Has anybody else got two close together and is on the wrong side of 30?
I'm so scared - please give me some positive stories :flower:


----------



## ciarhwyfar

I wanted this one to be closer to two years apart but that wasn't meant to be. My two will be three years apart. Still kind of close but I have never done two at the same time before so I have no idea how I am going to handle things. :)


----------



## Wind

Well, I'm pregnant with twins. Does that count?? They will be really close in age-minutes apart probably. :haha:

I'll be honest, I am concerned about the amount of work and lack of sleep that will come with having two little ones. I am trying to remain as calm as I can and take it one problem, one concern, one situation at a time.


----------



## Storm1jet2

Just think, no matter how much hard work it is how close your little ones will be! Lovely for them to have a sibling around the same age :hugs:


----------



## _Vicky_

ppsshhh does 14 minutes sound close enough? I was 36 when I had the boys and its fine. Yes bone shatteringly exhausting and my record at getting up was 19 times in one night but worth every second!! (sorry wind)

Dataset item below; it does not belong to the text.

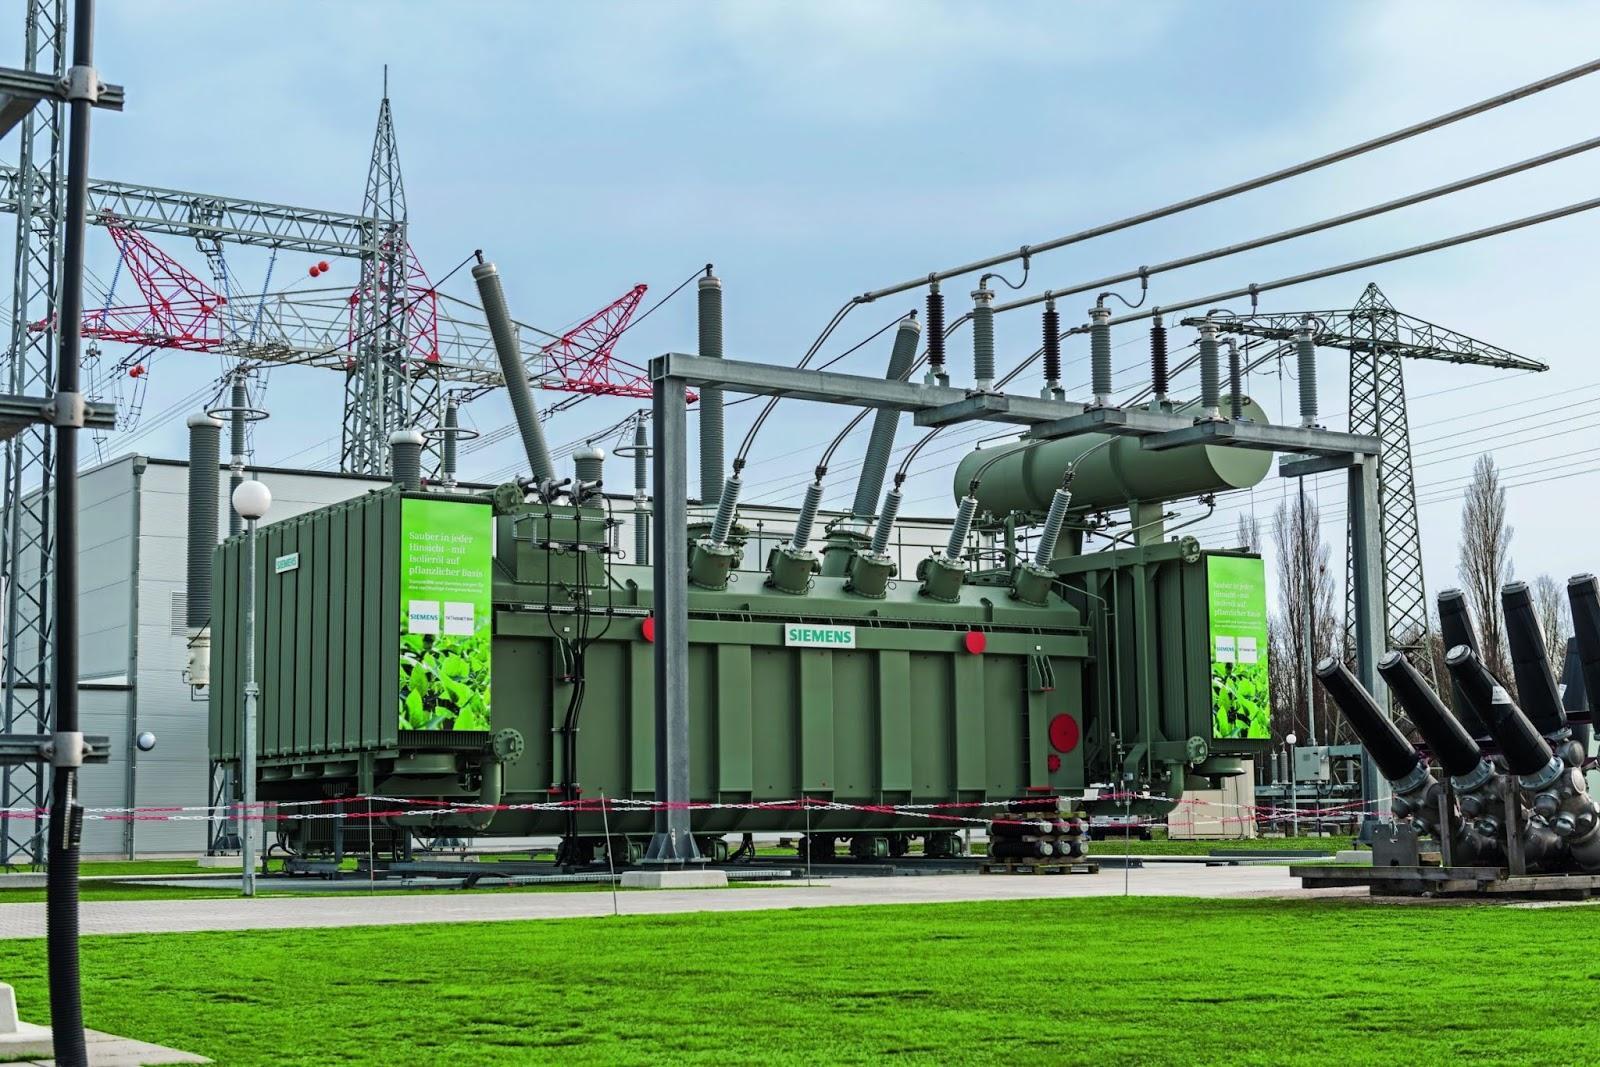 Анализ влияния нагрузки силовых трансформаторов на потребление реактивной мощности

The way they are starting to interact is sooo amazing it makes me cry - they will always have each other long after I am gone - thats worth any amount of sleep deprivation.

You'll be fine sweetie - if I can do it anyone can xx


----------



## xxembobxx

Wind said:


> Well, I'm pregnant with twins. Does that count?? They will be really close in age-minutes apart probably. :haha:

You're so brave! Hopefully there are lots of people wanting to help out - I do wonder if people will be more willing or less to offer help seeing as it's two?!

Congratulations :flower:


----------



## xxembobxx

_Vicky_ said:


> You'll be fine sweetie - if I can do it anyone can xx

I feel foolish now as I'm pretty sure a baby and a toddler is a bit easier than 2 babies at the same time :blush:
I suppose I just got hit with the realisation that I am actually getting older and that's not something I have worried about before! The bonus now is that I'm not in the minority in having a baby at this age - I see many women about the same age pushing prams - us women are amazing aren't we? We can deal with anything (I'll try and remember this when I'm stuck to the sofa breastfeeding watching my toddler smearing the cat and surrounding furniture with permanent marker :haha:)


----------



## gatormom2tots

Mine are 15 months apart....very hard that first year but am soooooo glad! They are the best of friends (though they fight like cats and dogs too!).

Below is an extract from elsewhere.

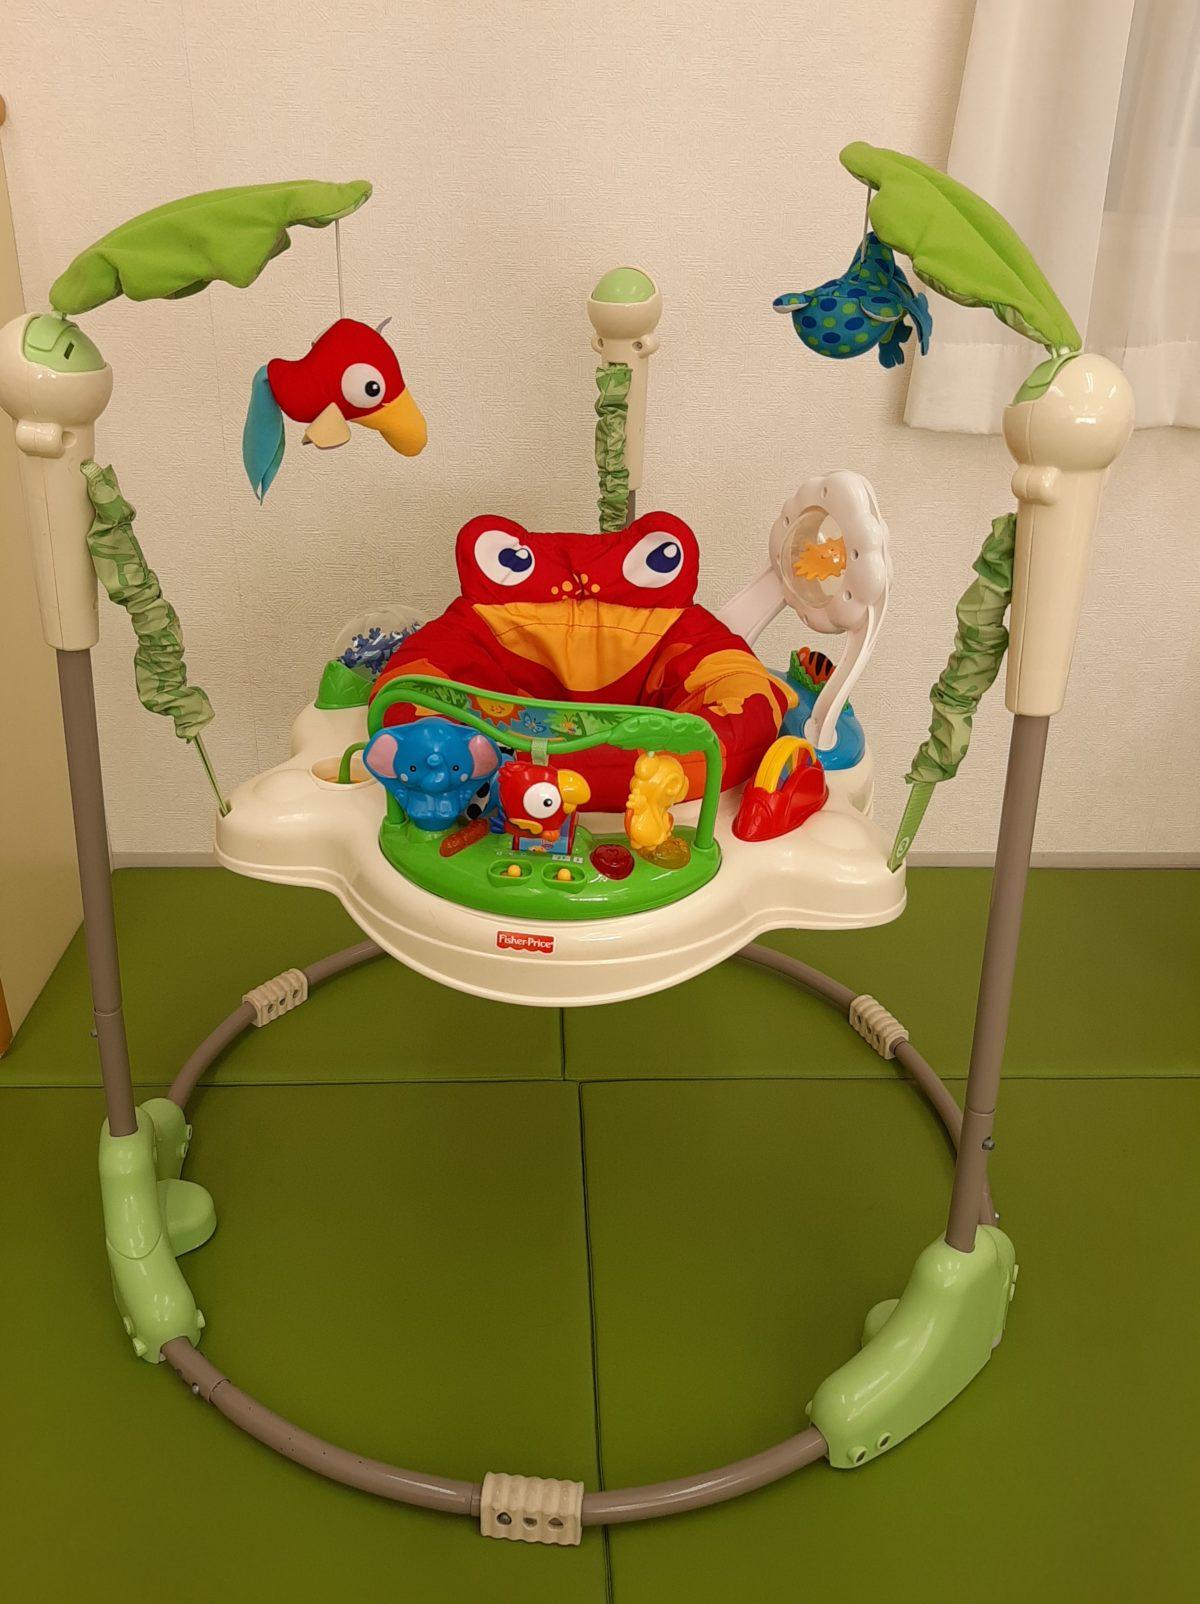 赤ちゃん向けの玩具

They truly do not know what to do without each other! The other thing that is awesome is that their interests are so similar. They enjoy the same games, tv shows, activities, etc.

I worry about this one being out of the loop so to speak because she will be so much younger than the other 2 and they are already so tight with each other.


----------



## SullenGrl

I'm pregnant on second baby now. DS is 8 months old and there will be 12 months between the 2. I'm not sure about how tough it will be once this next baby gets here, but its definitely tough going when you body has not had a chance to recover. Make sure during the pregnancy to get as much help as you can. I'm really wrecked most days and DH is a dream - stay at home dad - and takes care of most everything around the house. I'm back to work a month now and have already missed 4 days - 1 from exhaustion and 3 from a stomach bug. Not trying to scare you, just saying make sure to look after yourself and get as much rest as possible!! Congrats!!


----------



## robinator

Well, God willing we want to get pregnant again 5-6 months after this one is born. We're not getting any younger and want 2 or 3 kids.


----------



## knitbit

My first two are 18 months apart. DH is really involved, so it was manageable. The hardest thing is that the younger of the two only wanted mommy and had colic. Now they are 3.5 and 5 and great pals. 

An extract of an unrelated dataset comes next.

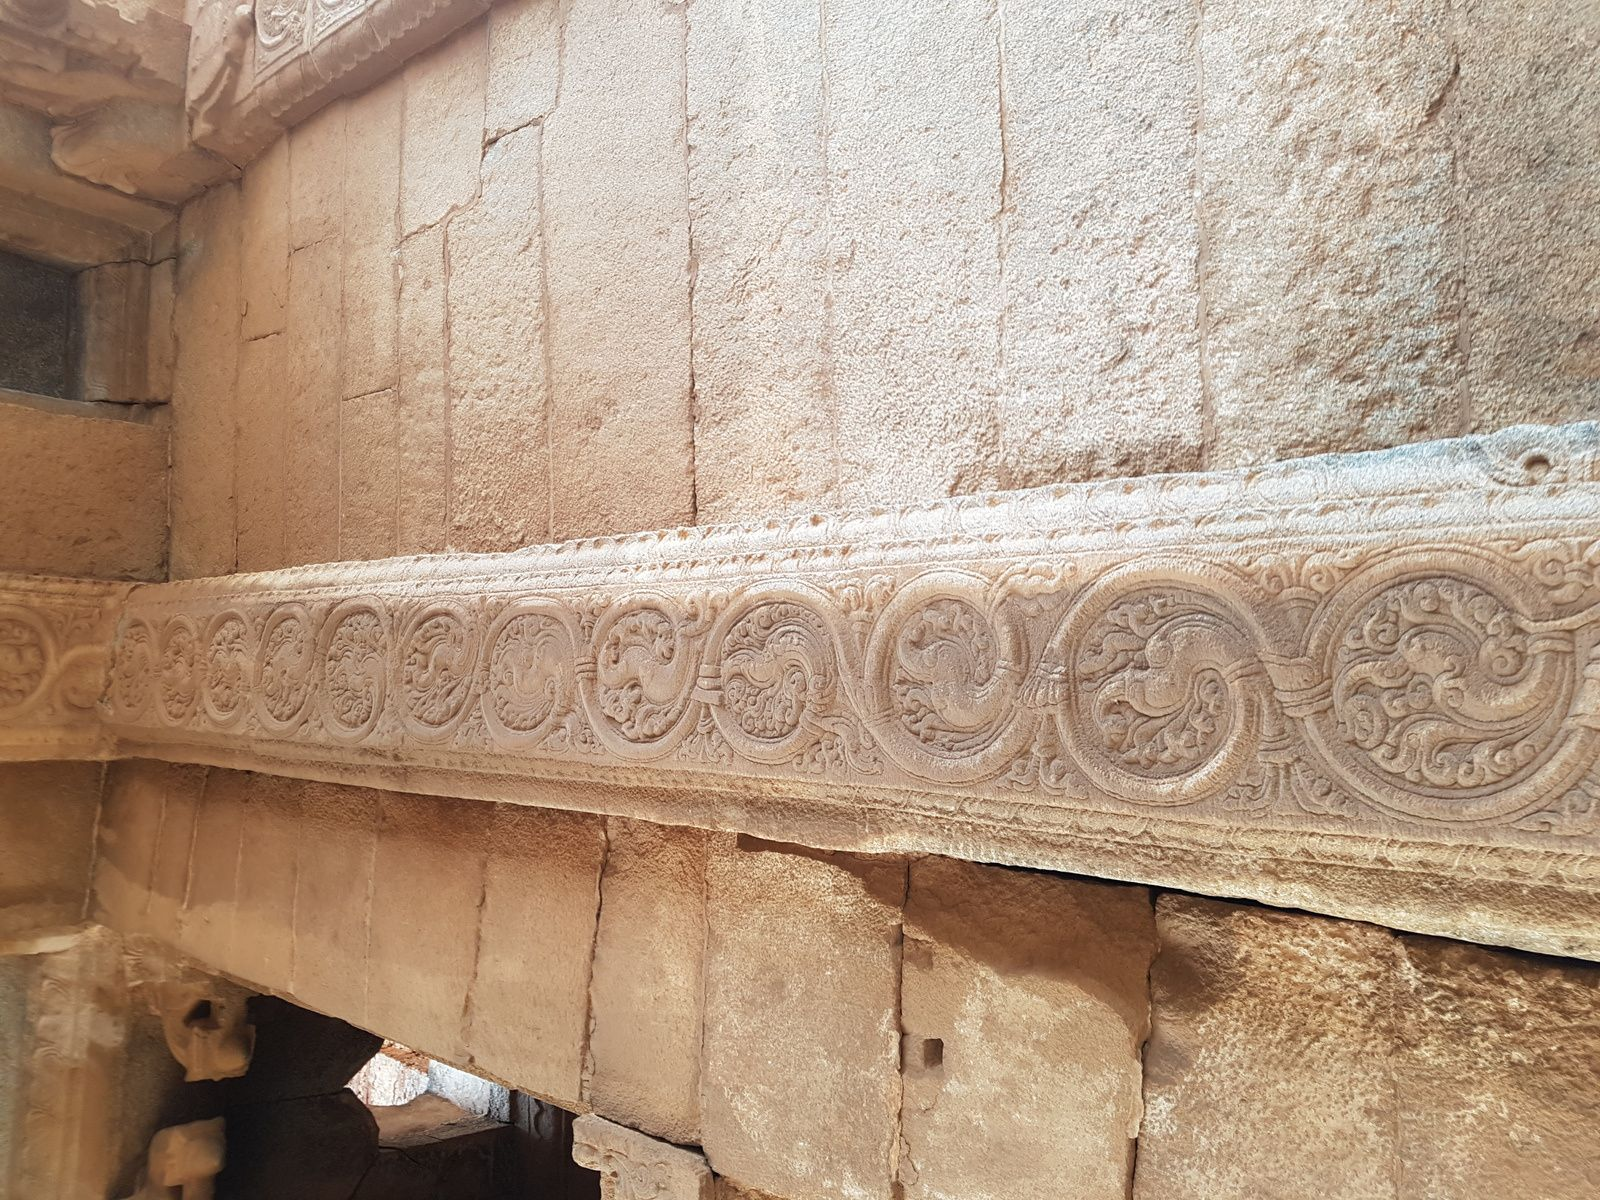 LE GOPURA  oriental est en restauration, normalement il devait y avoir plusieurs étages (5 à 8) en briques avec de la statuaire , ici nous avons le détail de l'intérieur du porche, remarquez les superbes Apsaras et les animaux mytiques.   Il y aurait représentés les dix avatars de Vishnou.

So now we are expecting twins, so life is about to get really interesting.


----------



## xxembobxx

Thank you for all your positive replies. I do actually feel a bit more optimistic now.

I'm sure any difficult times will be outweighed by the good times.
I must admit the pregnancy is going well so far but I am absolutely wiped out. Here's hoping the 2nd trimester will come with a renewed energy!


----------



## Animaniacs

gatormom2tots said:


> Mine are 15 months apart....very hard that first year but am soooooo glad! They are the best of friends (though they fight like cats and dogs too!).
> 
> They truly do not know what to do without each other! The other thing that is awesome is that their interests are so similar. They enjoy the same games, tv shows, activities, etc.
> 
> I worry about this one being out of the loop so to speak because she will be so much younger than the other 2 and they are already so tight with each other.

Oh! You are in my situation. My daughter is 6 and my son is 5; they are 16 months apart. And I am 7 weeks along with a new one. Anyway, my kids love each other so much. They play all the time together, but they do fight, too. They make up their own games, like the same shows, etc. Also worried about the new one not fitting in, but they want a baby so much and they will both be in school soon enough. I will miss them a lot, but maybe I can have some nice bonding time with the little one.


----------



## readyformore

robinator said:


> Well, God willing we want to get pregnant again 5-6 months after this one is born. We're not getting any younger and want 2 or 3 kids.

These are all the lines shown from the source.